Building embedding DB: 100%|██████████| 158/158 [00:09<00:00, 16.18it/s]


In [46]:
def find_similar_questions(query, database, model, top_k = 5):
    """
    Finds and prints the top_k most similar questions for a query.

    This function encodes a query, compares it against a pre-computed
    embedding database using cosine similarity, and prints the most
    semantically similar questions.

    Args:
        query (str): The user's search query.
        database (np.ndarray): A 2D NumPy array containing the pre-computed
                               embeddings for the database of questions.
        model (SentenceTransformer): The initialized Sentence-Transformer model
                                     used to encode the query.
        top_k (int): The number of top results to display.

    Returns:
        None. The function prints the results.
    """
    model.eval()
    with torch.no_grad():
        enc = tokenizer([query], padding=True, truncation=True, max_length=128, return_tensors="pt")
        enc = {k: v.to(device) for k, v in enc.items()}
        out = model(**enc)
        q_emb = mean_pooling(out, enc["attention_mask"]).detach().cpu().numpy()[0]  # (hidden,)
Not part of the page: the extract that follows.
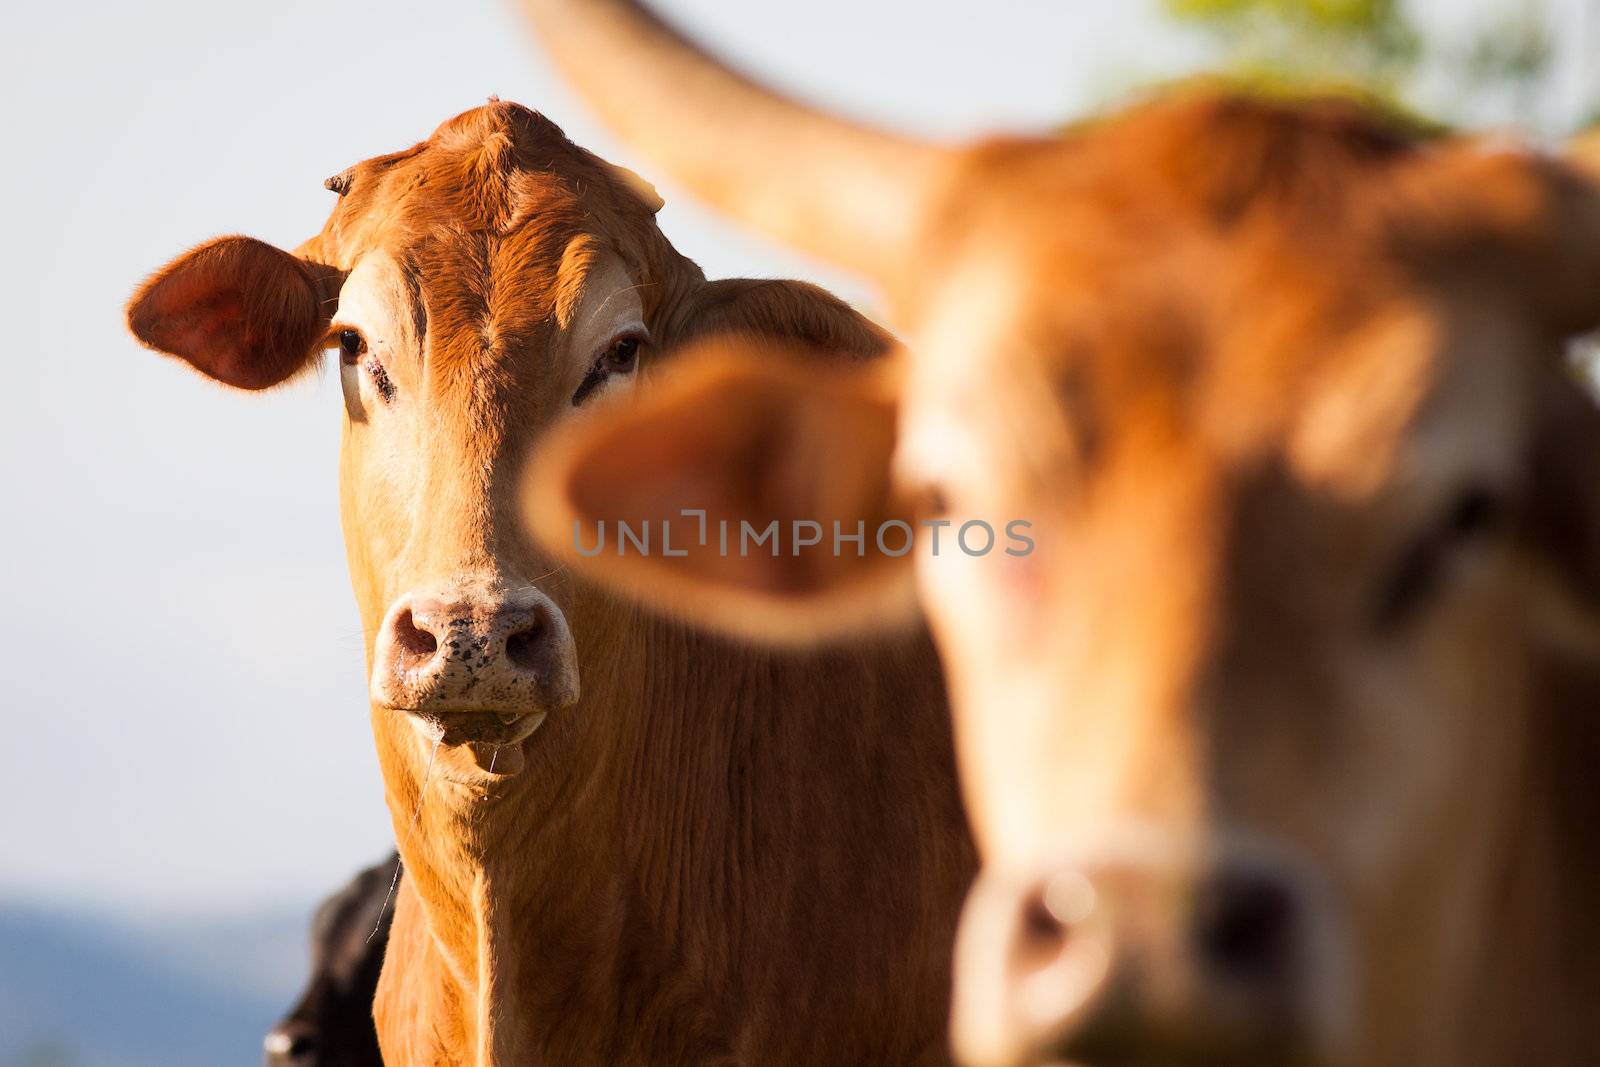 Two cows looking at camera outdoors, Queensland, Australia

    # cosine similarity with L2-normalized rows -> just dot product
    sims = database @ q_emb  # (N,)
    top_idx = np.argsort(-sims)[:top_k]

    print(f"\nQuery: {query}\nTop {top_k} similar questions:")
    for rank, idx in enumerate(top_idx, 1):
        print(f"{rank}. (score={sims[idx]:.4f}) {val_texts[idx]}")      

In [47]:
find_similar_questions("How can I lose weight quickly?", embeddings_storage_np, model, top_k=5)


Query: How can I lose weight quickly?
Top 5 similar questions:
1. (score=0.9740) How can you lose weight quickly?
2. (score=0.9740) How can you lose weight quickly?
3. (score=0.9740) How can you lose weight quickly?
4. (score=0.9740) How can you lose weight quickly?
5. (score=0.9740) How can you lose weight quickly?